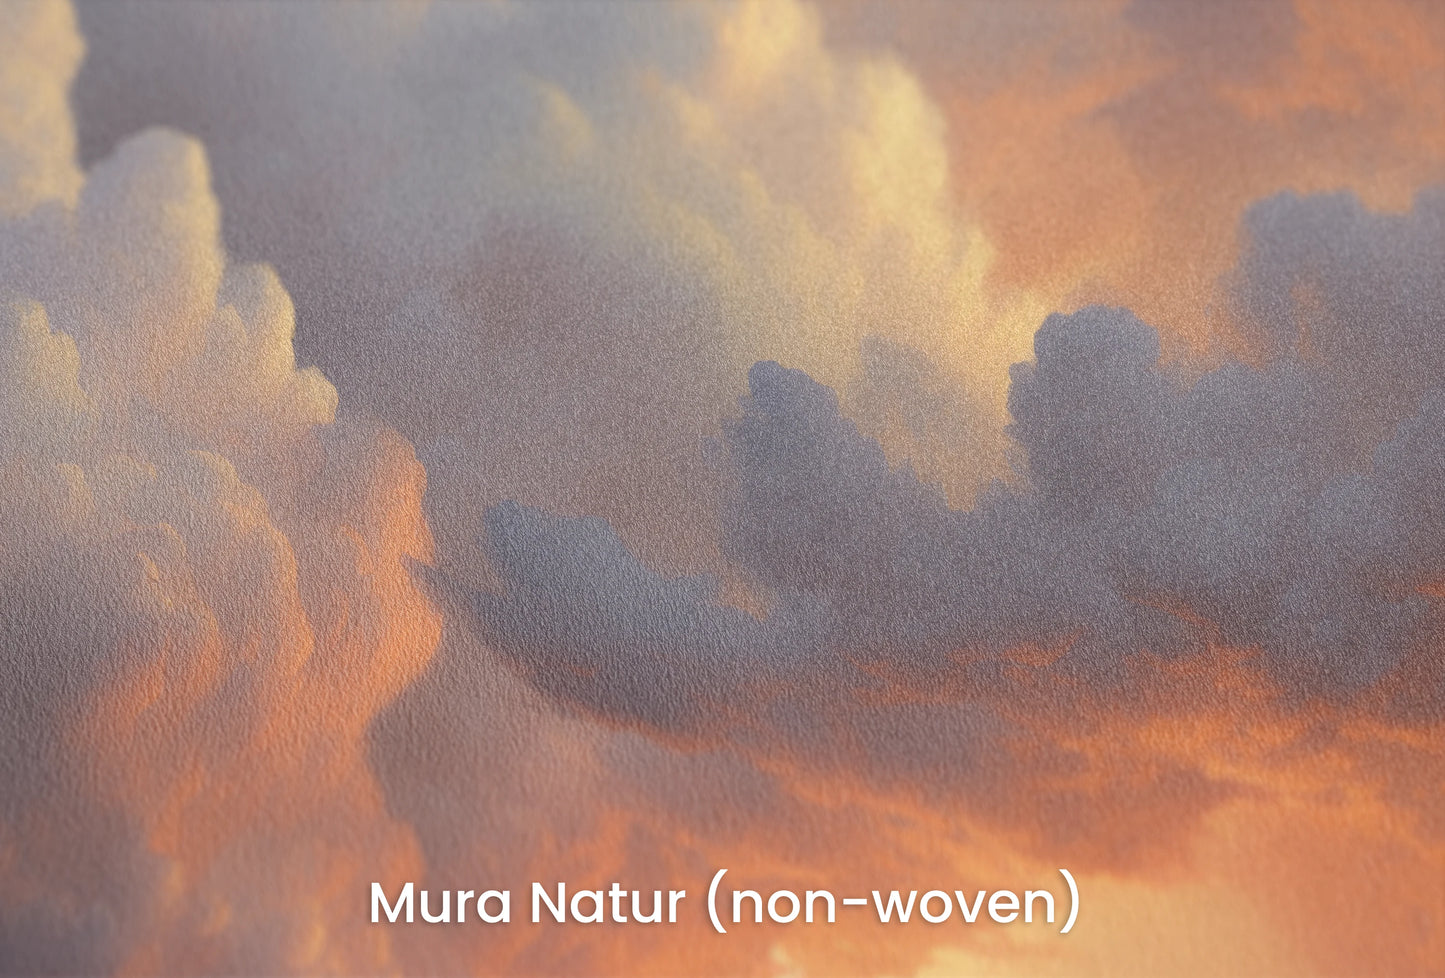 Zbliżenie na artystyczną fototapetę o nazwie Storm's Prelude na podłożu Mura Natur (non-woven) - naturalne i ekologiczne podłoże.
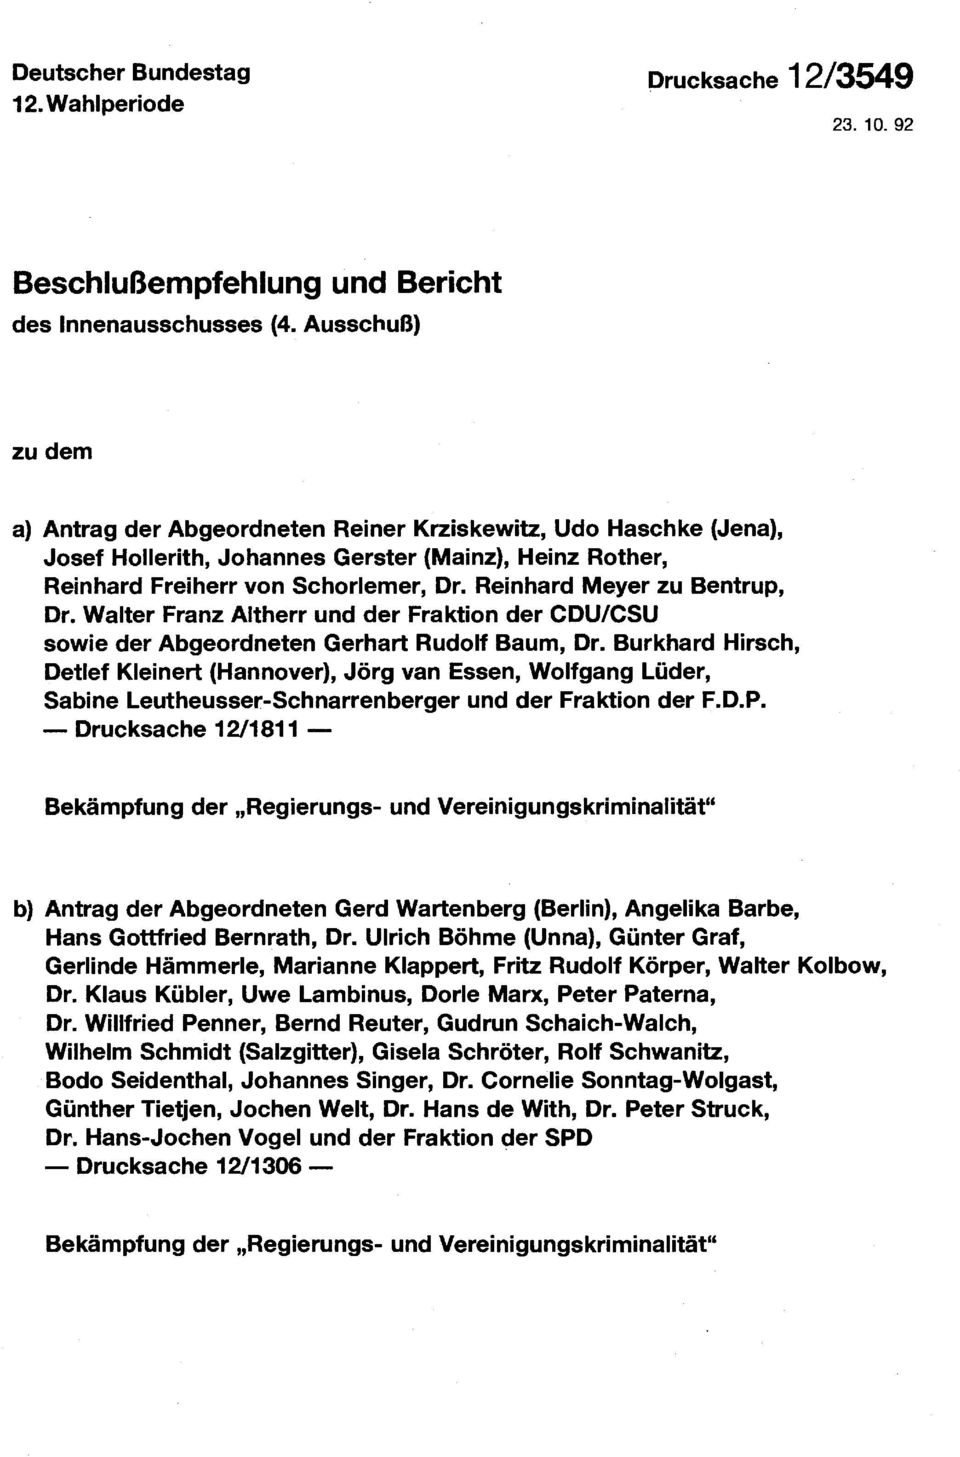 Reinhard Meyer zu Bentrup, Dr. Walter Franz Altherr und der Fraktion der CDU/CSU sowie der Abgeordneten Gerhart Rudolf Baum, Dr.
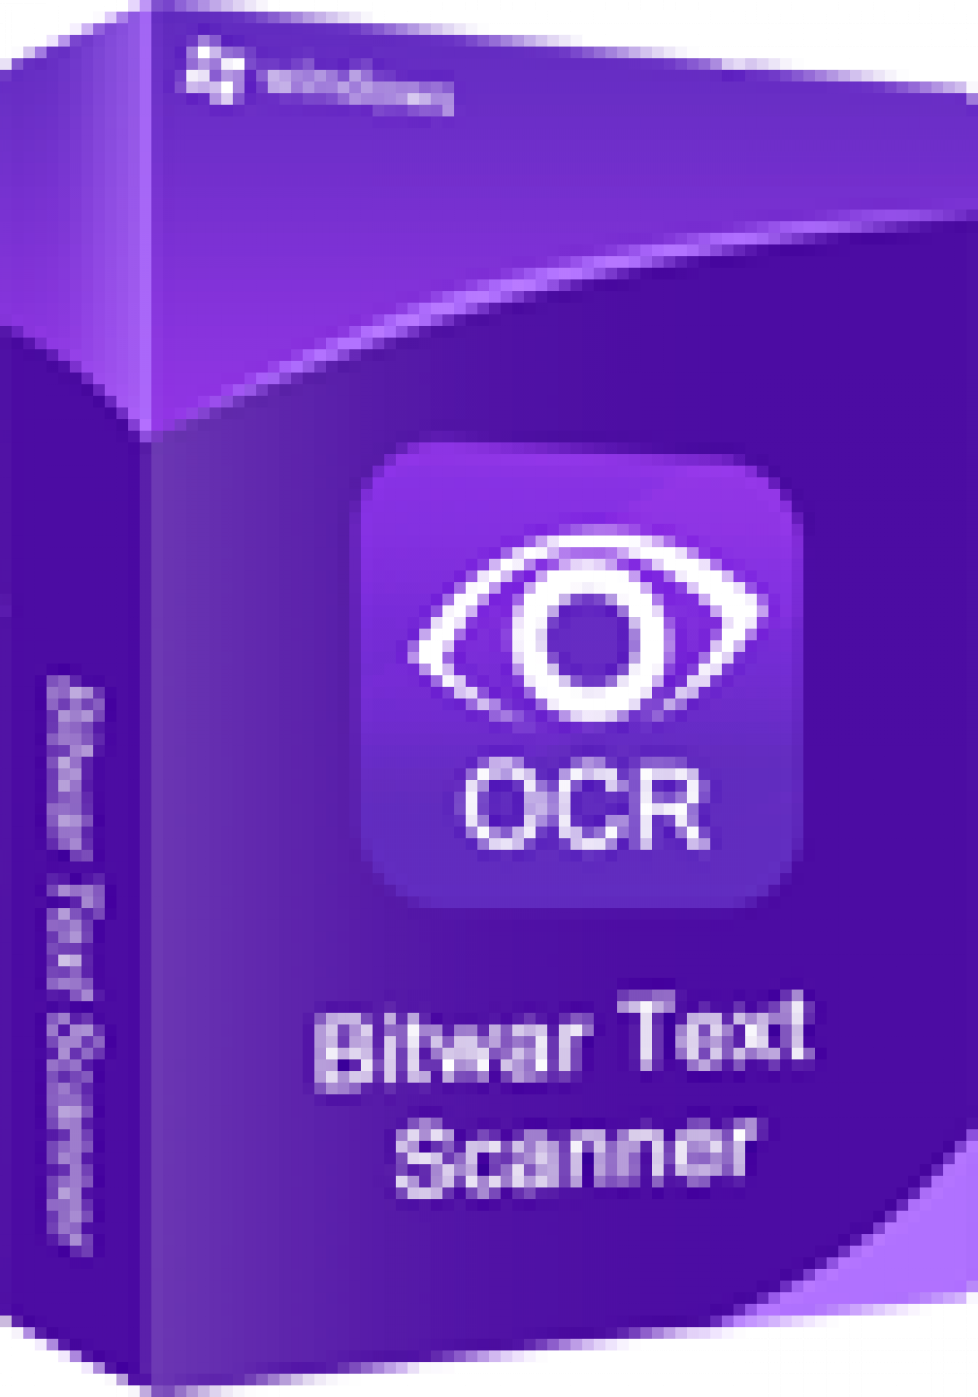 ocr scanner software excel

•••

Directions:
Restate the whole of the material word for word without the pictures.

The completed task:
 Zbliżenie na artystyczną fototapetę o nazwie Storm's Prelude na podłożu Mura Natur (non-woven) - naturalne i ekologiczne podłoże.
 Reinhard Meyer zu Bentrup, Dr. Walter Franz Altherr und der Fraktion der CDU/CSU sowie der Abgeordneten Gerhart Rudolf Baum, Dr.
 ocr scanner software excel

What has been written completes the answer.